Assessment for sepsis risk includes

  • Presence of risk factors

  • altered conscious state,

  • reduction in functional ability

  • respiratory rate

  • new need for oxygen to maintain saturations

  • heart rate, blood pressure

  • skin/lip/tongue colour

  • temperature

  • when the patient last passed urine

  • Site of any likely infection.

Method retrospective review of patient records.

Results 15 episodes of pyrexia were identified in 11 patients in a four month period. Two of these were related to blood transfusion and not included in analysis. On assessment of the patients, blood pressure, heart rate, conscious state and functional level were the most frequently recorded sepsis risk factors. Skin colour, respiratory rate, presence of signs of skin or wound infection and urine output were hardly ever or never recorded as assessed.

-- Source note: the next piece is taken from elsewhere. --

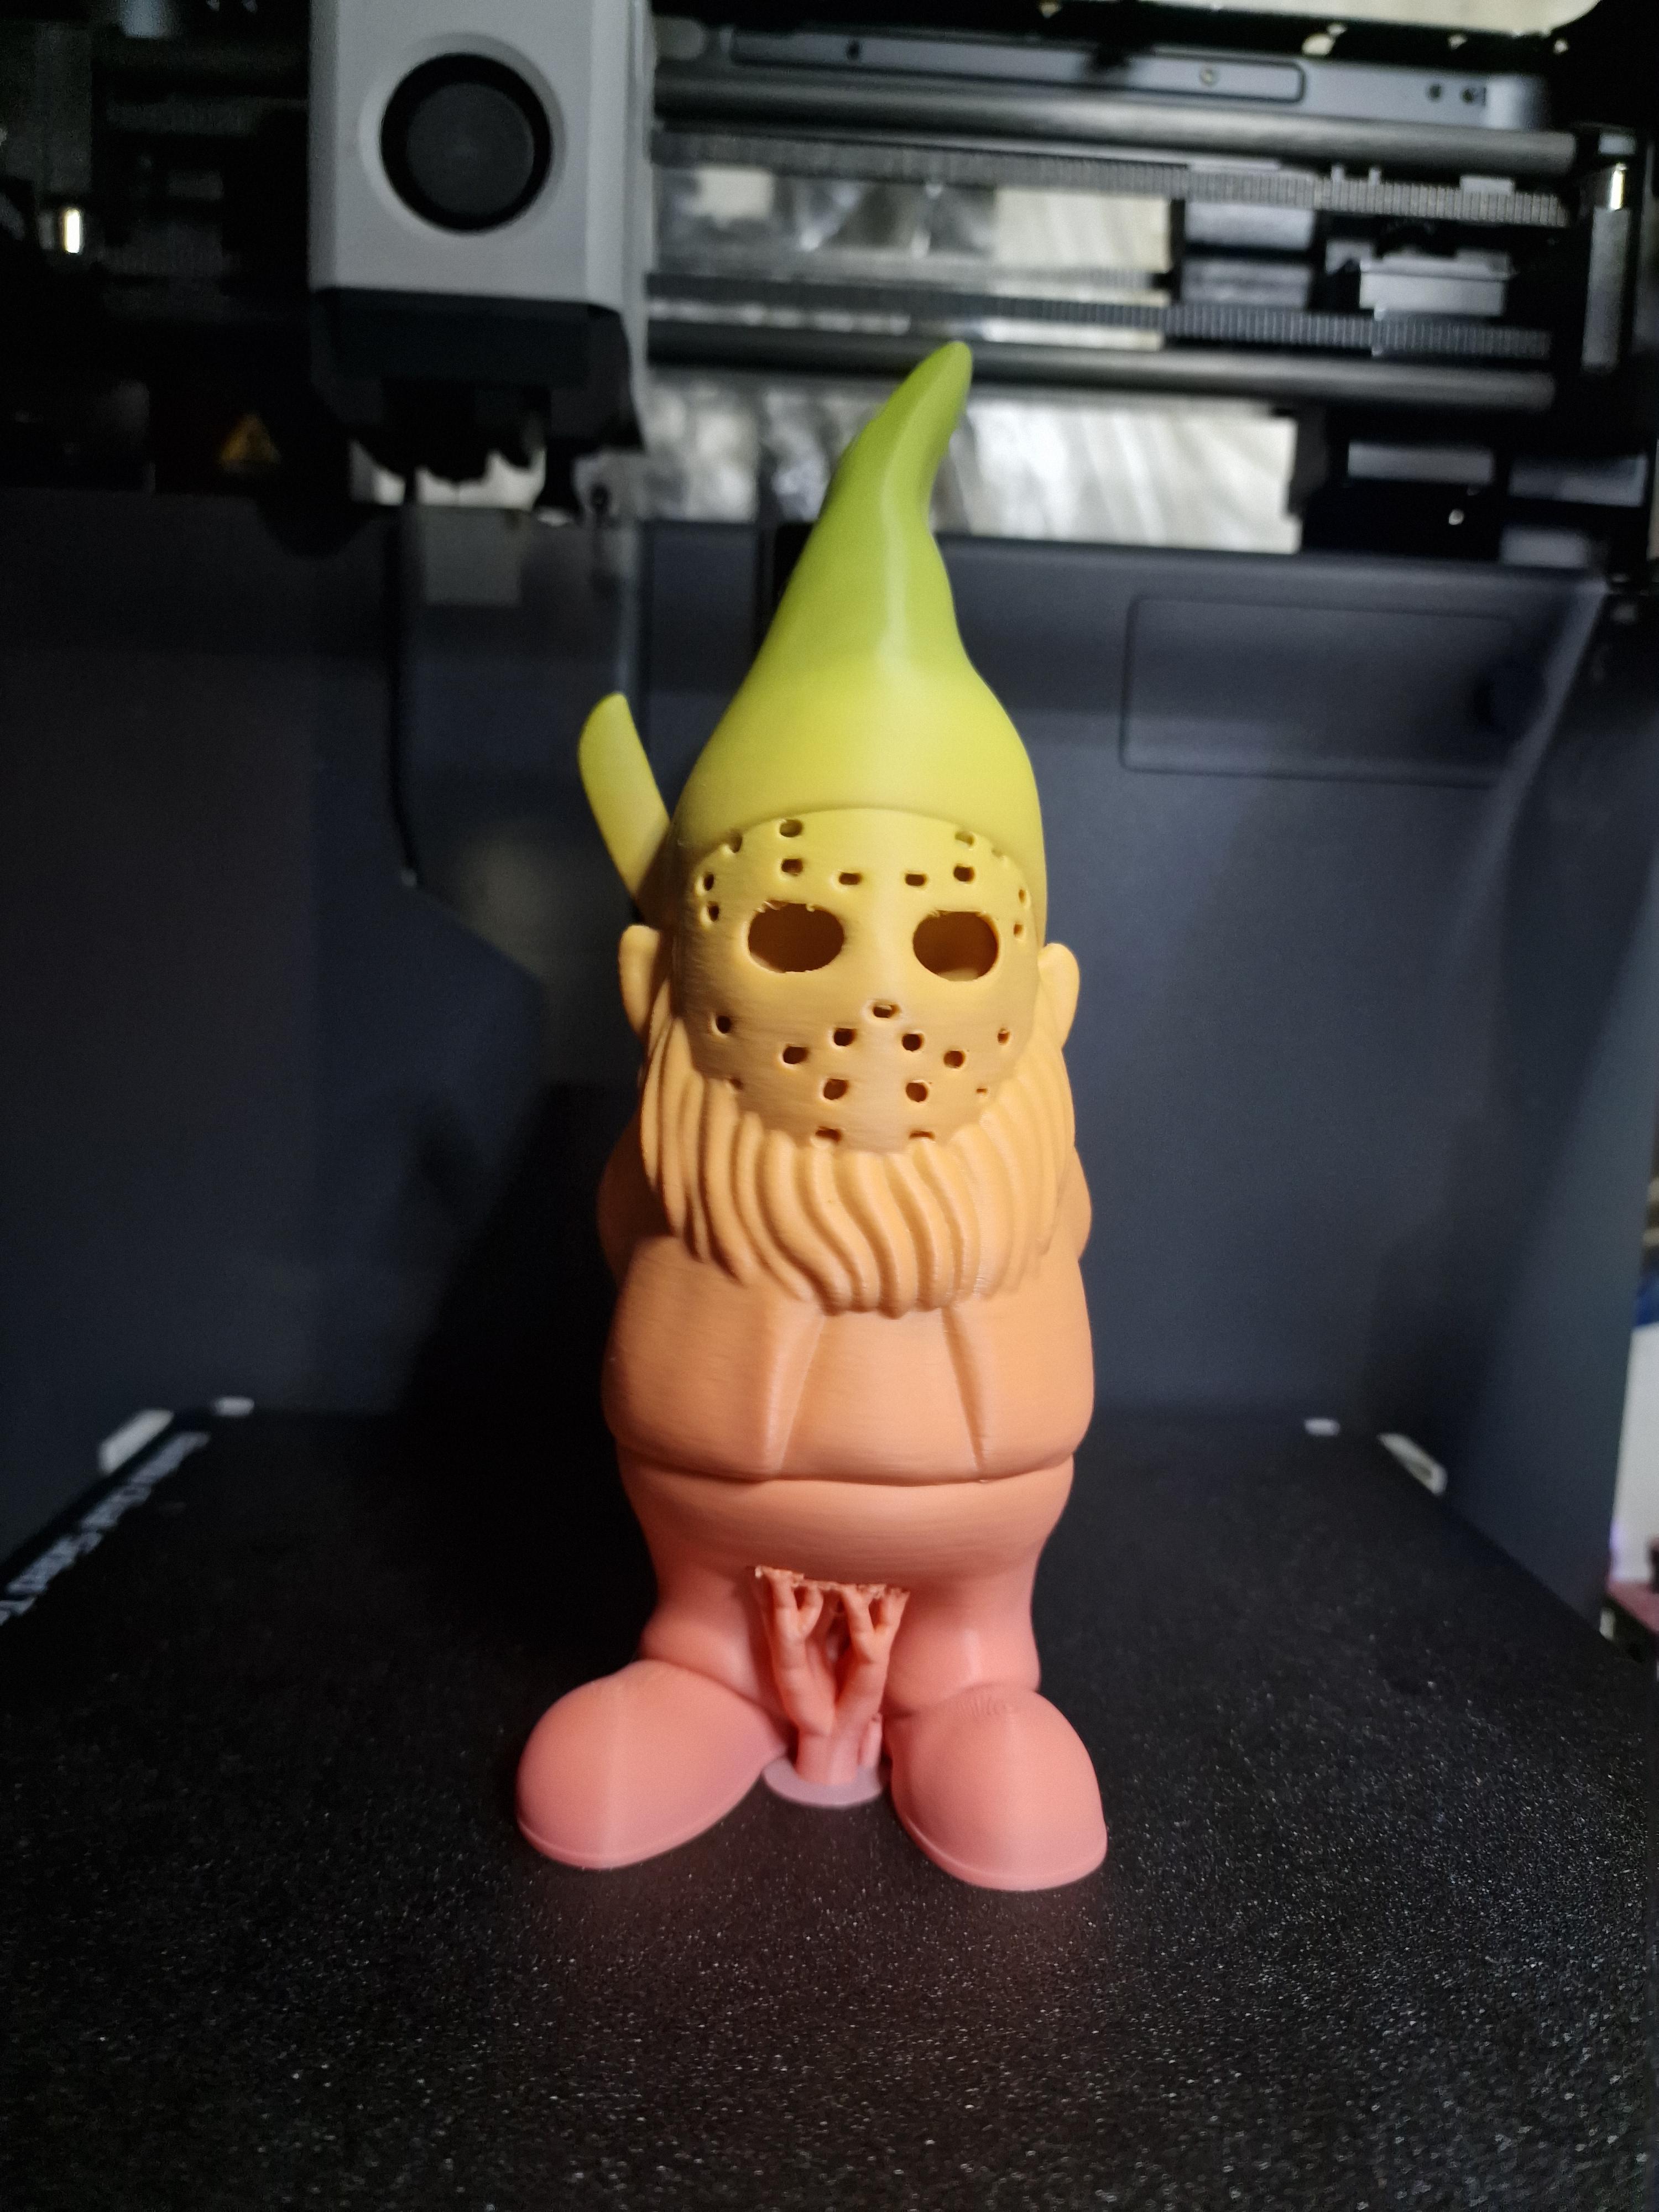 Murderous Gnome 3d model

Nursing staff requested medical assessment in all cases although this could be delayed until normal working hours. Intravenous antibiotics were started in two patients and oral antibiotics given in five. Ceiling of care was discussed in three cases.

Conclusion Decisions are made about the presence of sepsis and the use of antibiotics based on a limited patient assessment. Staff need to be reminded that fuller assessment of basic physiological observations may improve decision-making.